(Records drawn from a dataset)
=== Section Start ===

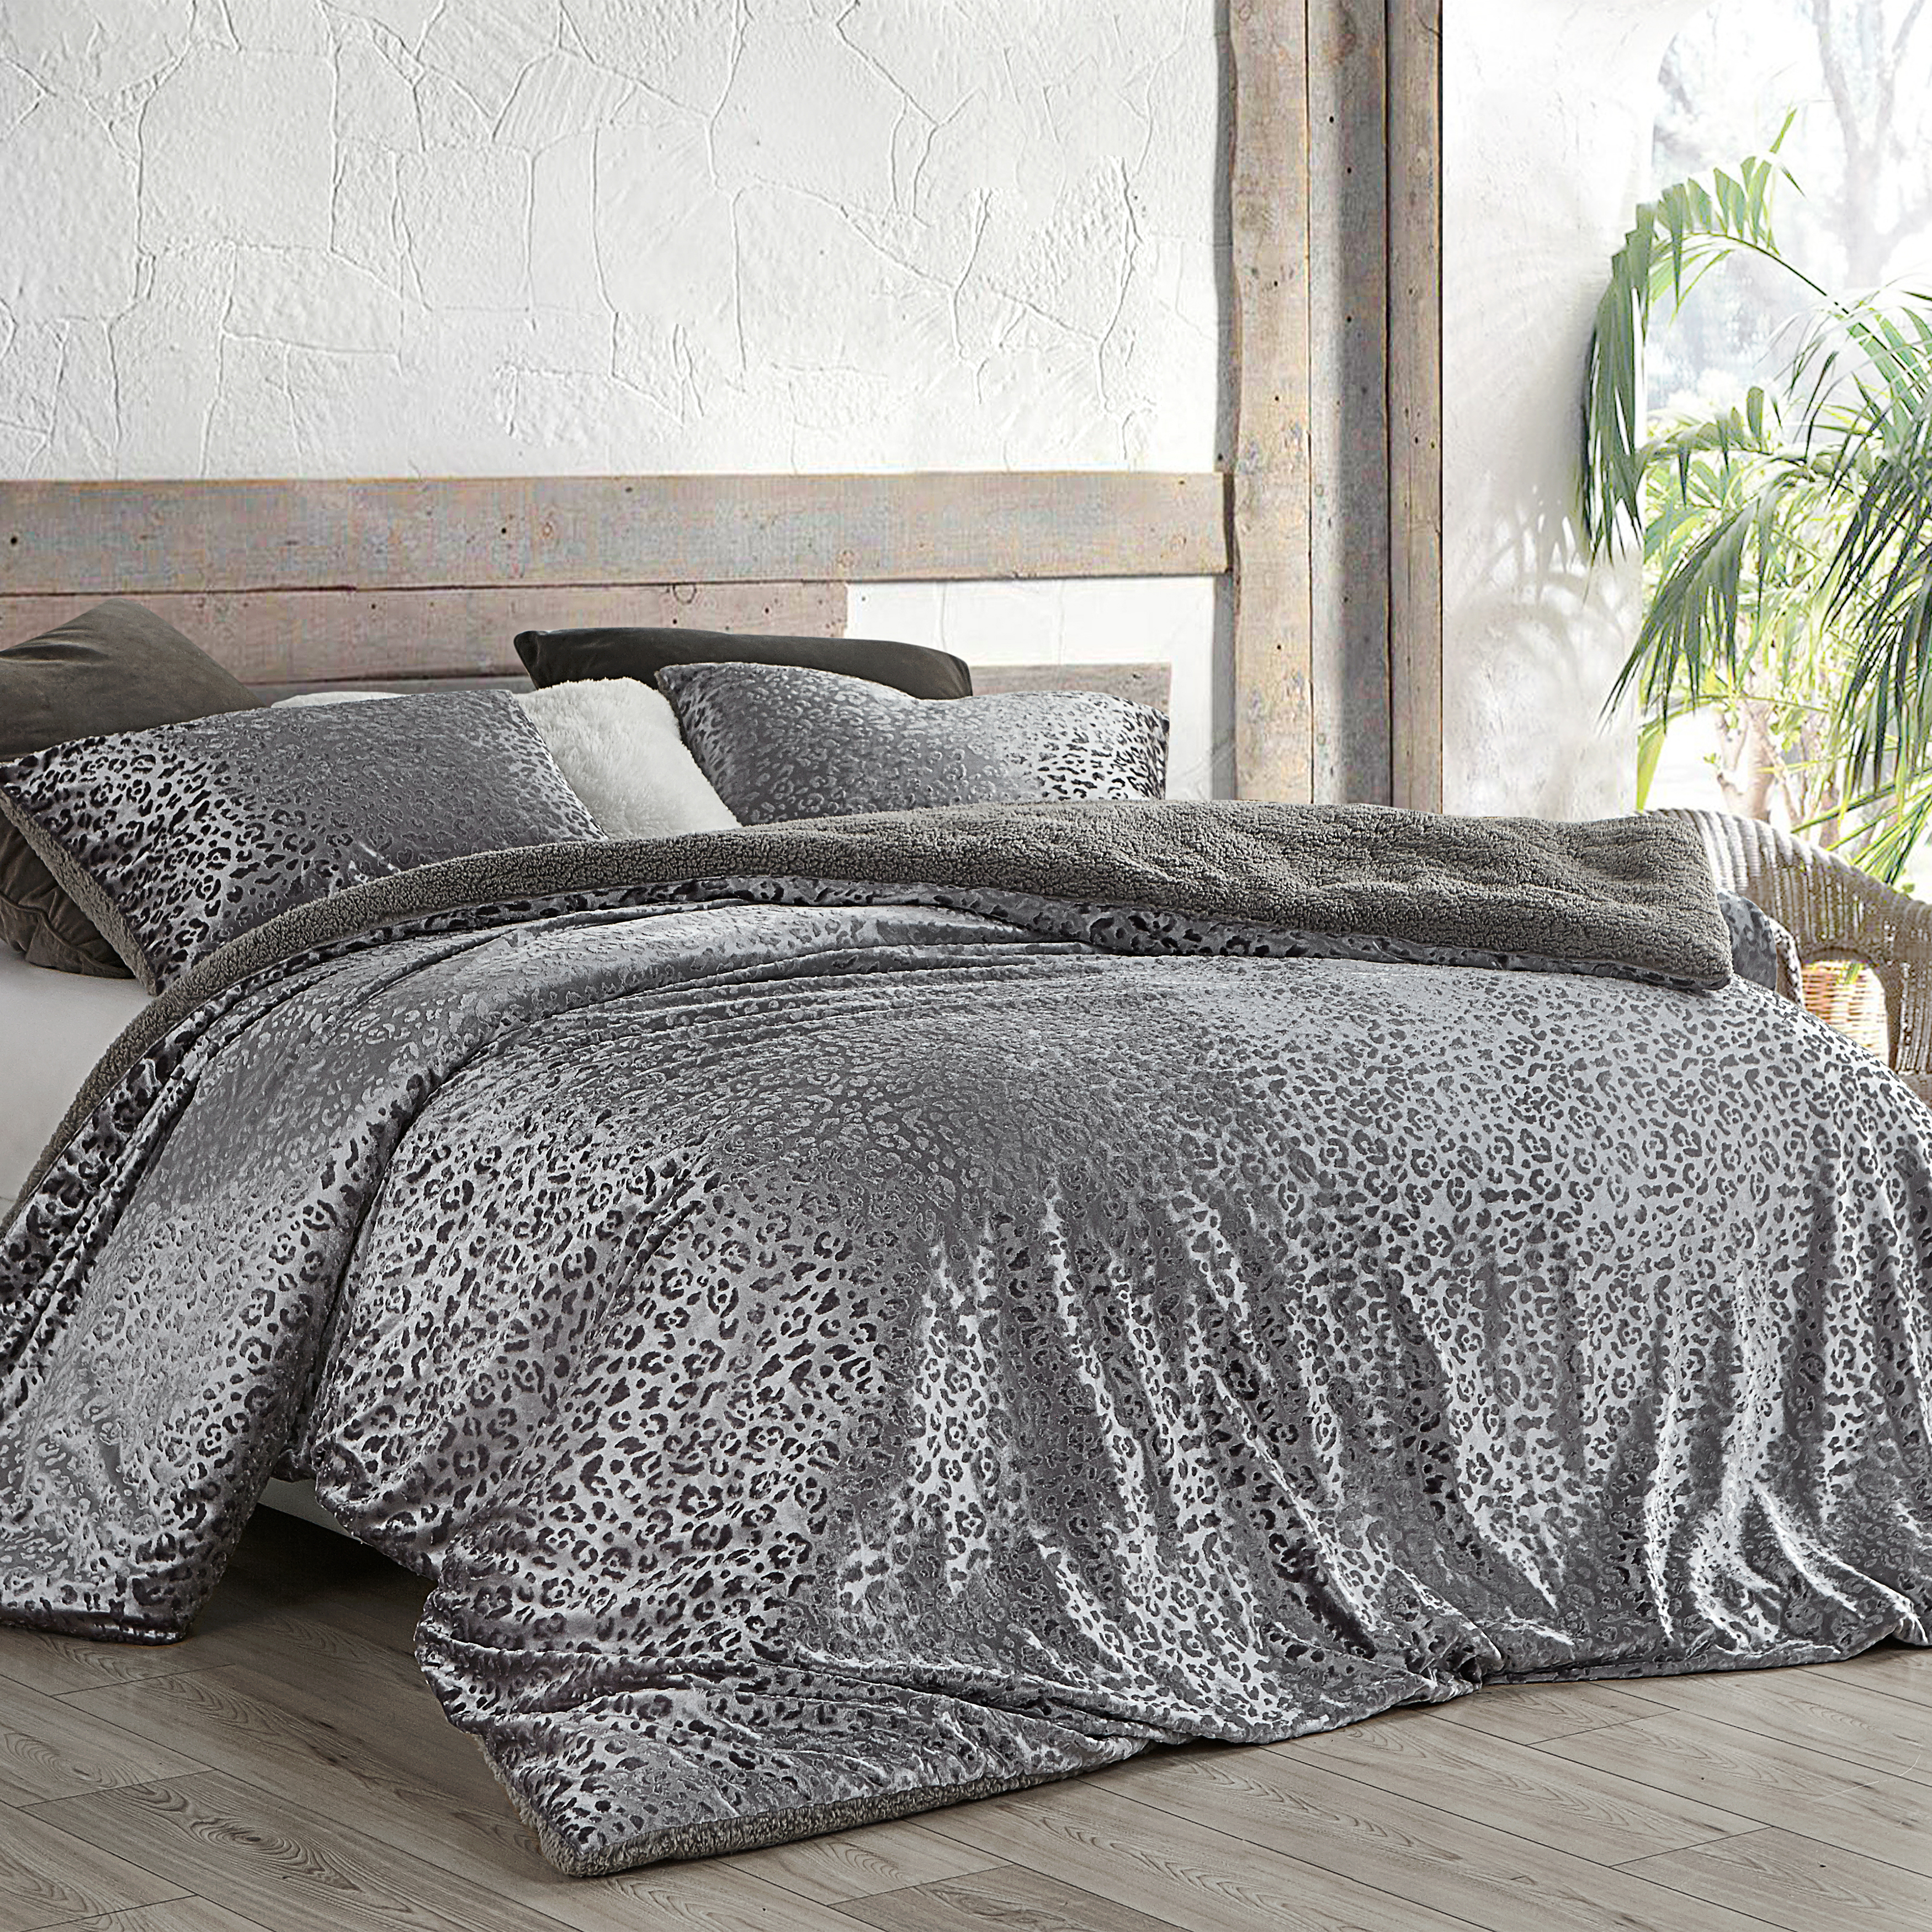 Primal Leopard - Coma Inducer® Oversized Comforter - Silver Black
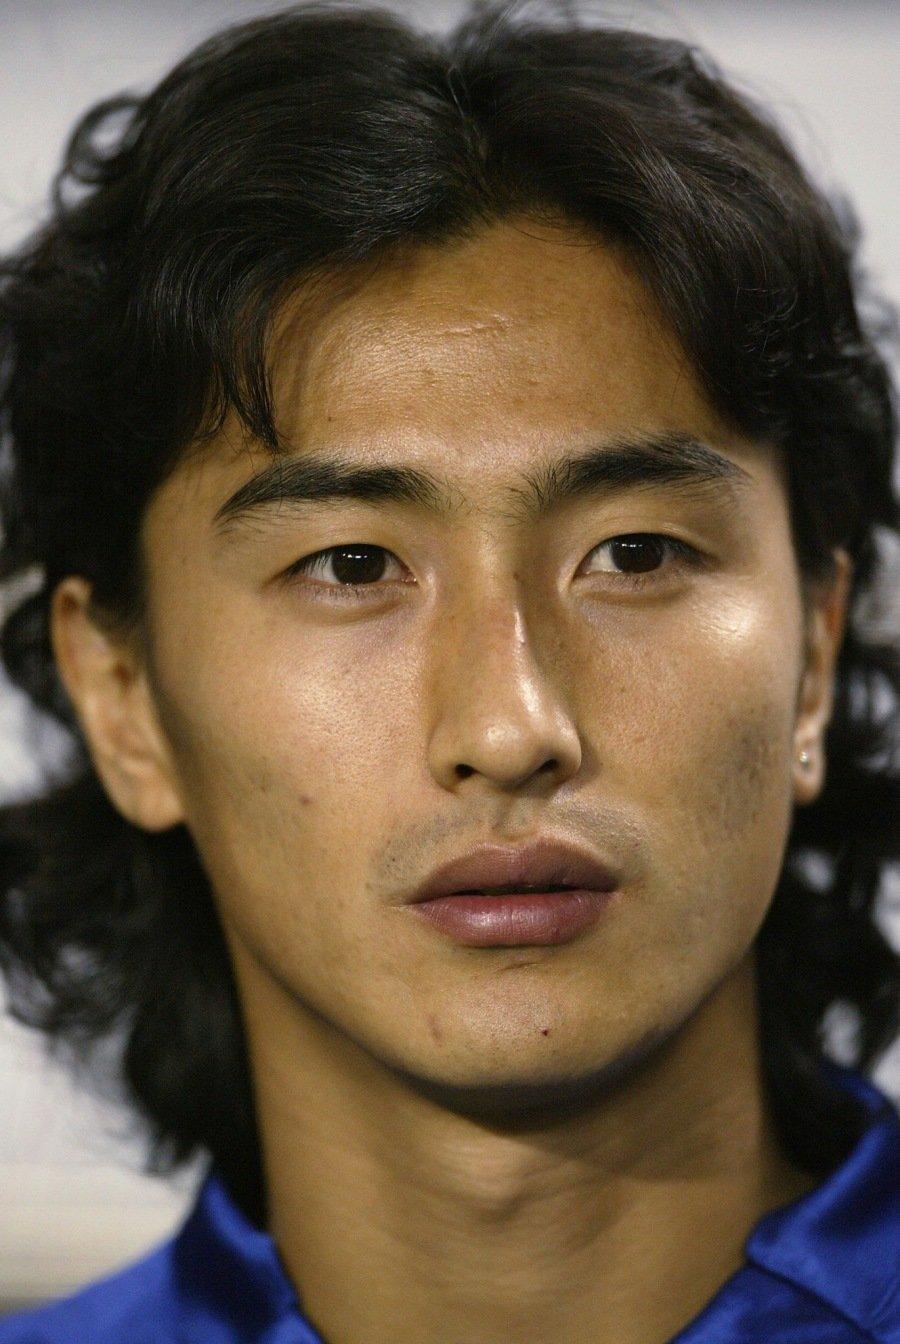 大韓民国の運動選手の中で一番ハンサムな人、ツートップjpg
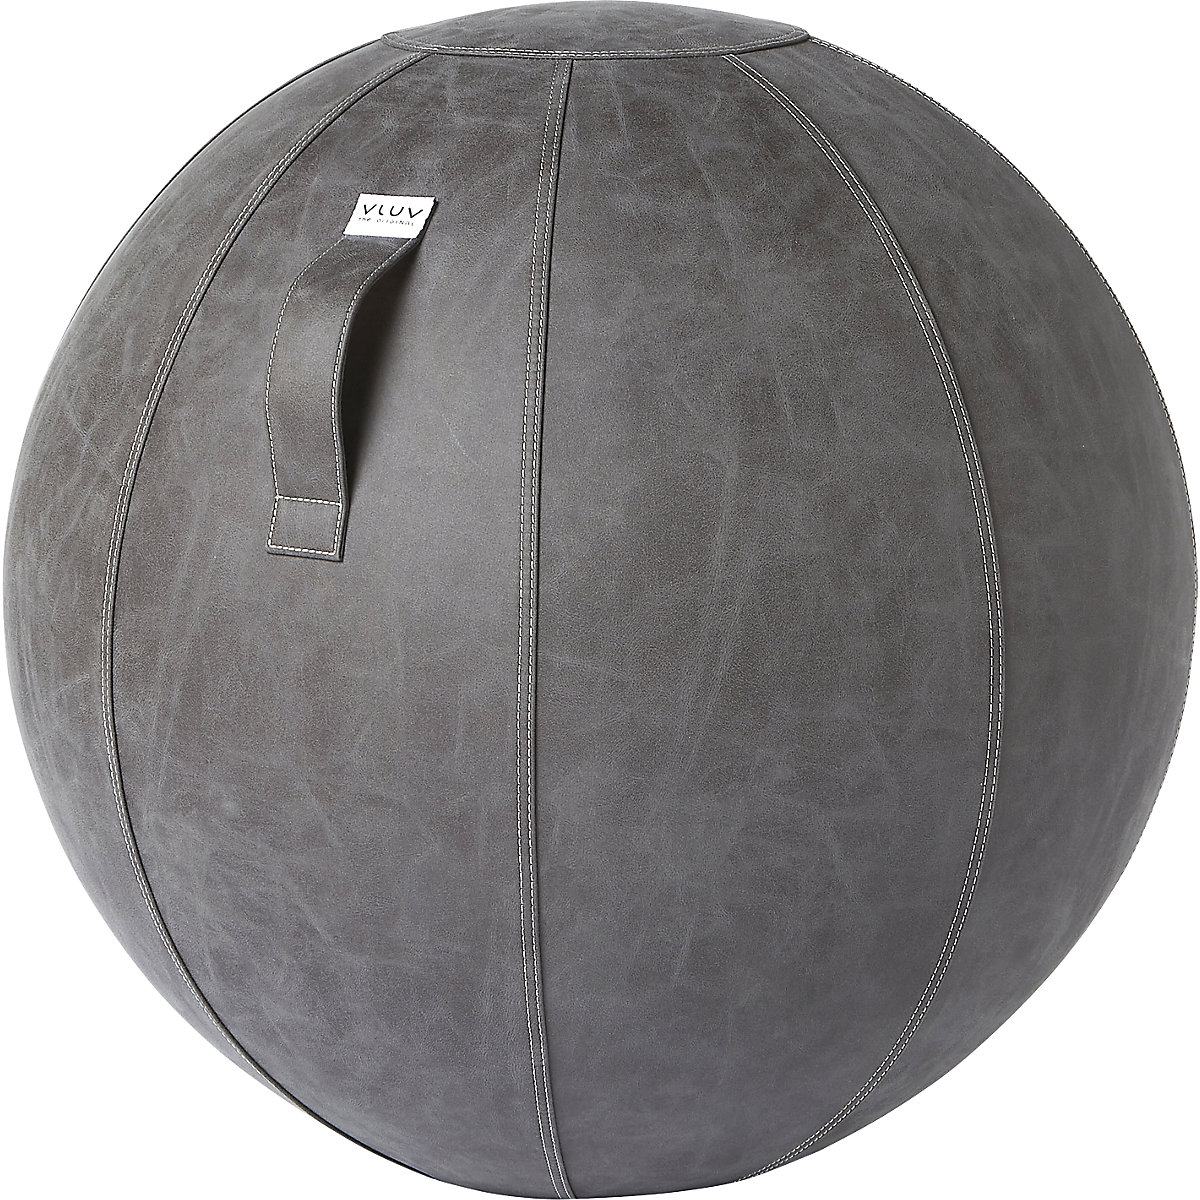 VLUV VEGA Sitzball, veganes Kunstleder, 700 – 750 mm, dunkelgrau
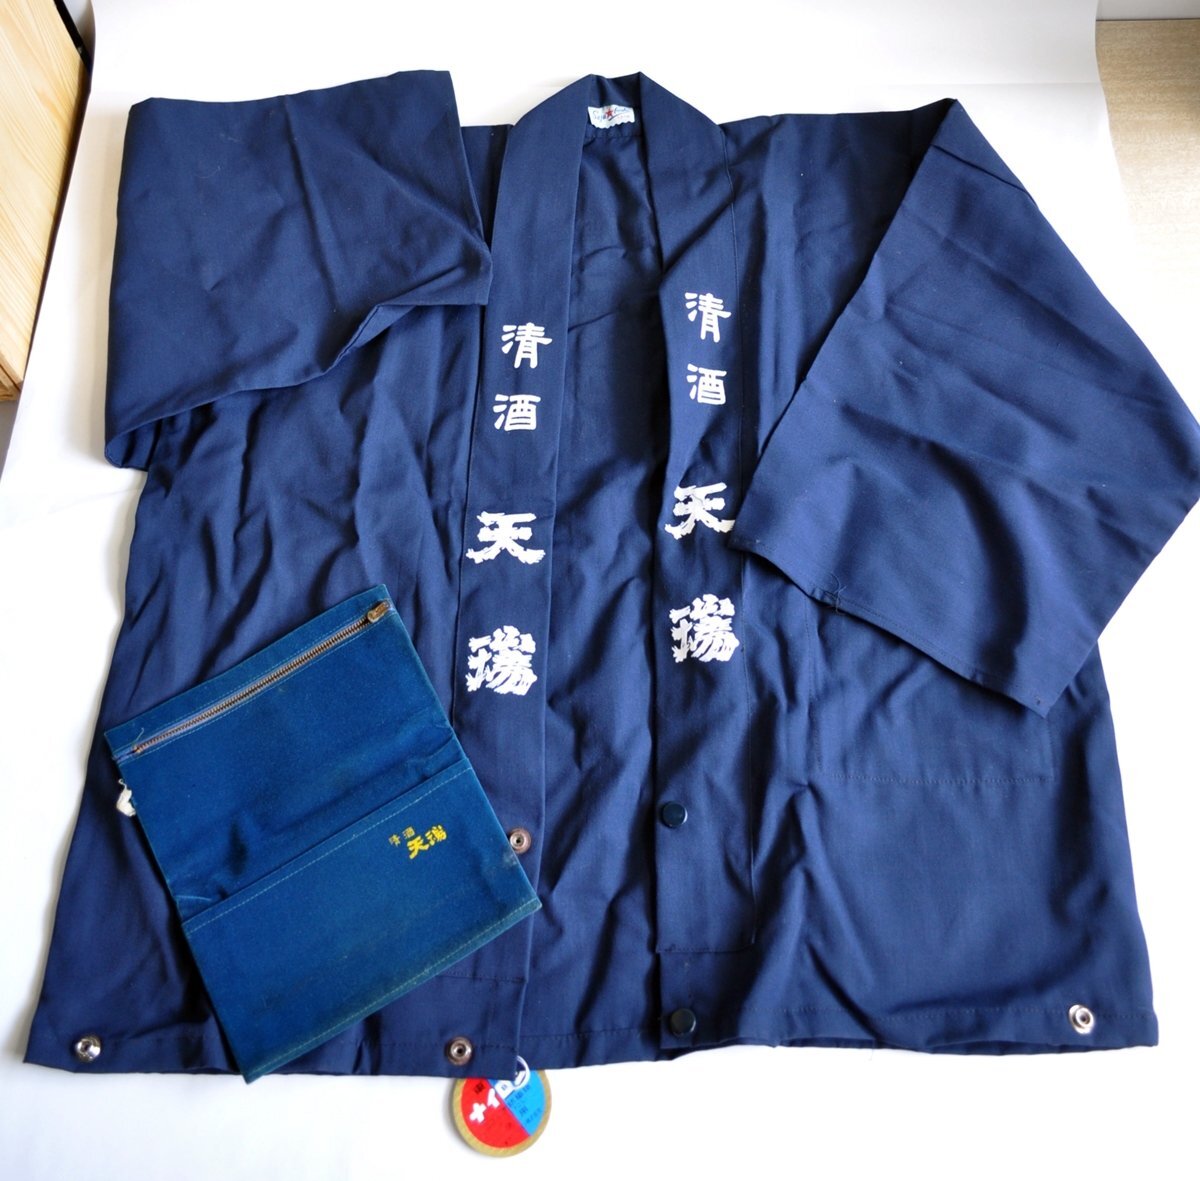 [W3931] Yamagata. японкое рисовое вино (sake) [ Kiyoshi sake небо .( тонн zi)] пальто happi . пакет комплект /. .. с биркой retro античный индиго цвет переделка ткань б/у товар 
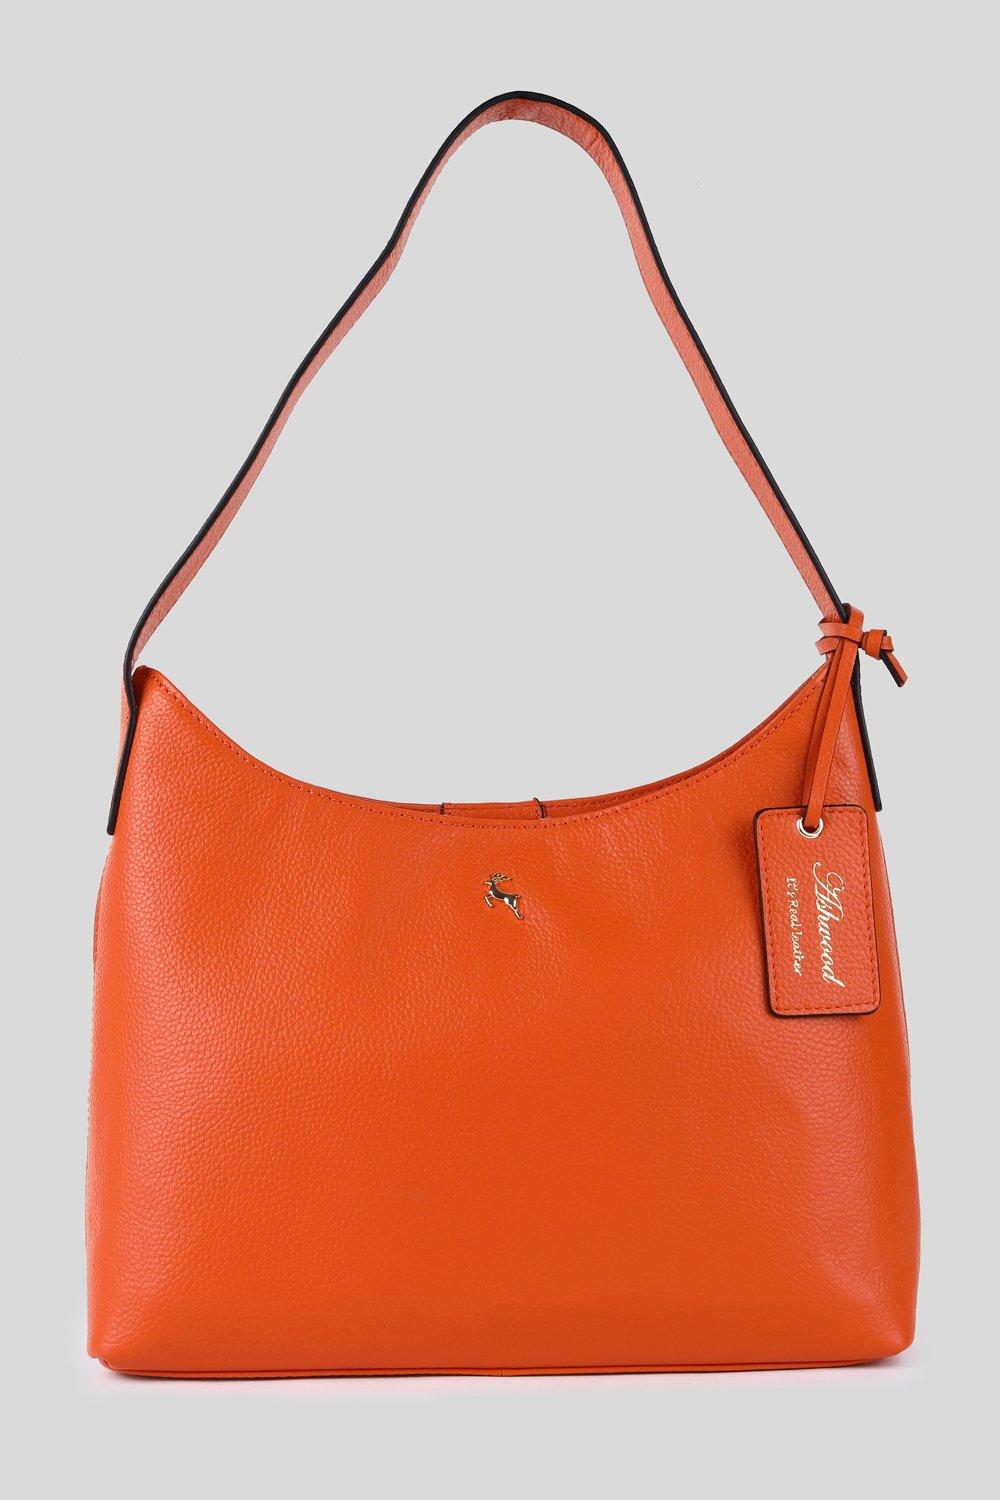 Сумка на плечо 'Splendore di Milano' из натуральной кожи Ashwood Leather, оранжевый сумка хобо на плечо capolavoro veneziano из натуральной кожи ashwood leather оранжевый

=== Section End ===

Try it:
For the entries above, the output must hold exactly the lines from the one with "大韓民国の運動選手の中で一番ハンサムな人、ツートップjpg" through the last line, both included, and no pictures.

Problem solution:
 大韓民国の運動選手の中で一番ハンサムな人、ツートップjpg
 VLUV VEGA Sitzball, veganes Kunstleder, 700 – 750 mm, dunkelgrau
 [W3931] Yamagata. японкое рисовое вино (sake) [ Kiyoshi sake небо .( тонн zi)] пальто happi . пакет комплект /. .. с биркой retro античный индиго цвет переделка ткань б/у товар 
 Сумка на плечо 'Splendore di Milano' из натуральной кожи Ashwood Leather, оранжевый сумка хобо на плечо capolavoro veneziano из натуральной кожи ashwood leather оранжевый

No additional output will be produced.